We've got a query performance issue that we're trying to work out. None of us are particularly expert at this sort of thing. It's hard to debug this in production because there's a lot of noise going on from other users. Running the queries in a development db gives you some benefits but sadly buffer hits are at 100% which doesn't reflect the experience in live. But I'm hoping you can help me work out what is going on.
Customer and address are related to each other 1-1. Each address record is unique even if the address is shared. So to read 500 customers you'd expect to also read 500 unique addresses. All of the queries below use the primary index which is on the key.
If you do a for each on customer we get 4793 record reads but 13501 logical reads. It takes x amount of time.
If you do a for each on customer, first address of customer, we get 9566 record reads but 33277 logical reads. It takes 2.5x amount of time compared to just customers. In live it can take up to 10x as long - probably due to the reduced buffer hits.
My initial question is, why so many more logical reads compared with record reads? Is there anything else I can look at to help debug this?
Thanks for your help
I should add - Progress 11.2.1 on Windows 2003 Server (32 bit still!!!!).
Thanks Julian. My dev DB was restored from backup yesterday...
Will dumping and loading just the two tables in question be necessary? I don't fancy doing the whole 360GB DB over a USB2.0 connection ;)
Unless you use the new-fangled TABLE-SCAN option every record read involves the logical reading of both a data block and (at least one) index block. So the expected ratio of logical reads to record reads is a bit more than 2:1.
(CAN-FIND() might, under some circumstances, result in index reads with no record reads.)
3:5:1 is a bit high -- but not scary high. It may indicate fragmentation, DBANALYS can give you some insight there. It might also mean that your index isn't as good as you think it is. Or that you aren't using the index that you think you are using.

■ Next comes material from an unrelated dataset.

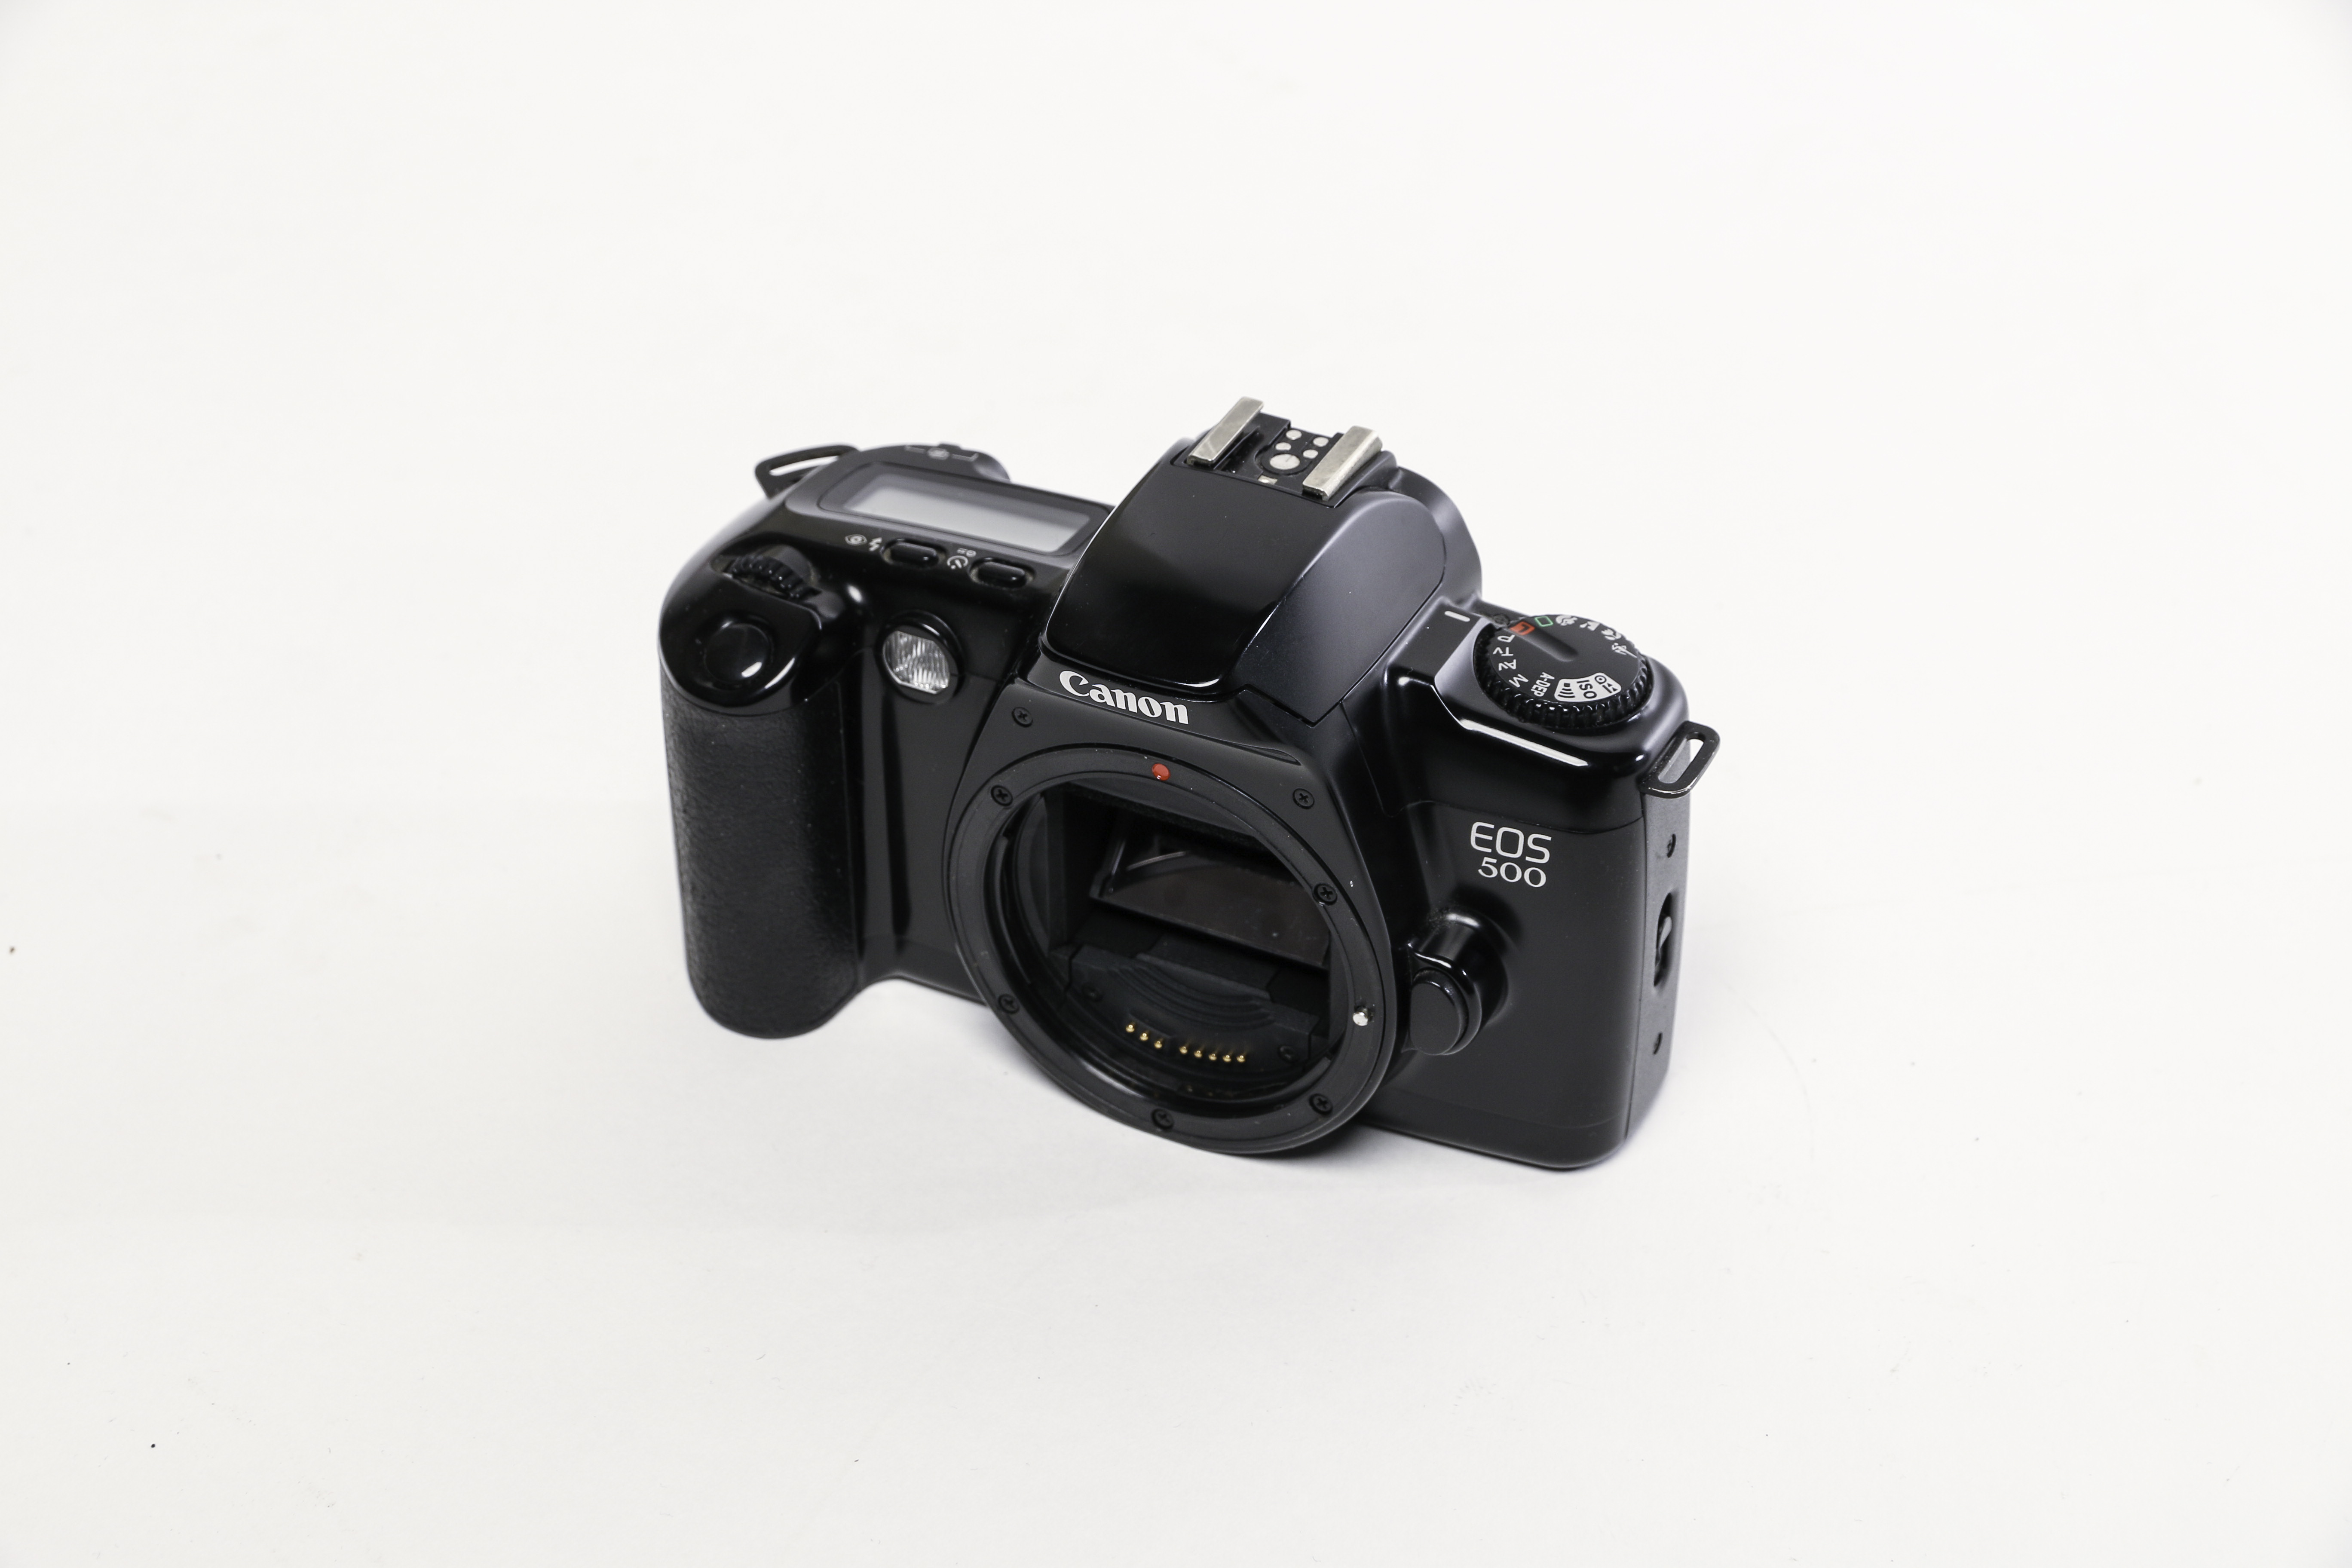 Canon EOS 500 Analog gebraucht Bild 01

ProTop is very helpful here -- it will show you, at runtime, which tables and indexes are in use dynamically. The results sometimes surprise people.
Also that "FIRST address OF customer" probably isn't doing what you think it is doing.
Thanks. I'll give it a bash tomorrow.
I wouldn't be surprised as we've not performed much by way of admin on the DB side of late. Mainly because we don't have the disk space available to do so. It's a bit of a catch 22.
Dumping and loading will only make a difference if you are actually fragmented. Check dbanalys first.
Thanks Tom - agree OF is bad. I just used it as a shorthand here. I know which indexes are used as I have a tool similar to protop. It's definitely using the primary index - primarykey of the table in each case.
OF is not the problem. FIRST is.
What is a "bad" amount of fragmentation? It's not been that long since I ran dbanalys and it's showing 1.2 for Customer. 1.0 for Address.
PRIMARYness isn't necessarily good. The quality of the bracket is what matters. How well do the WHERE clause and the indexes match? PRIMARY is a tie-breaker, not a goal.
If the WHERE clause and the indexes are not 100% equality matches then the expected ratio should be expected to be higher than 2:1 because there will be filtering of the result set which means excess reads.
For each customer,
first address where address.addresskey eq customer.addresskey.
The indexes are: addresskey on address, customerkey on customer. If that makes sense.
Re: fragmentation. Don't trust the "factor". In some releases it is calculated incorrectly. Look at "number of records" vs "number of fragments". If fragments is 110% of records then 10% of records are fragmented (roughly). That's not enough to be behind reading 50% more blocks than you expect.
Factor looks reliable enough in this case based on the check you describe.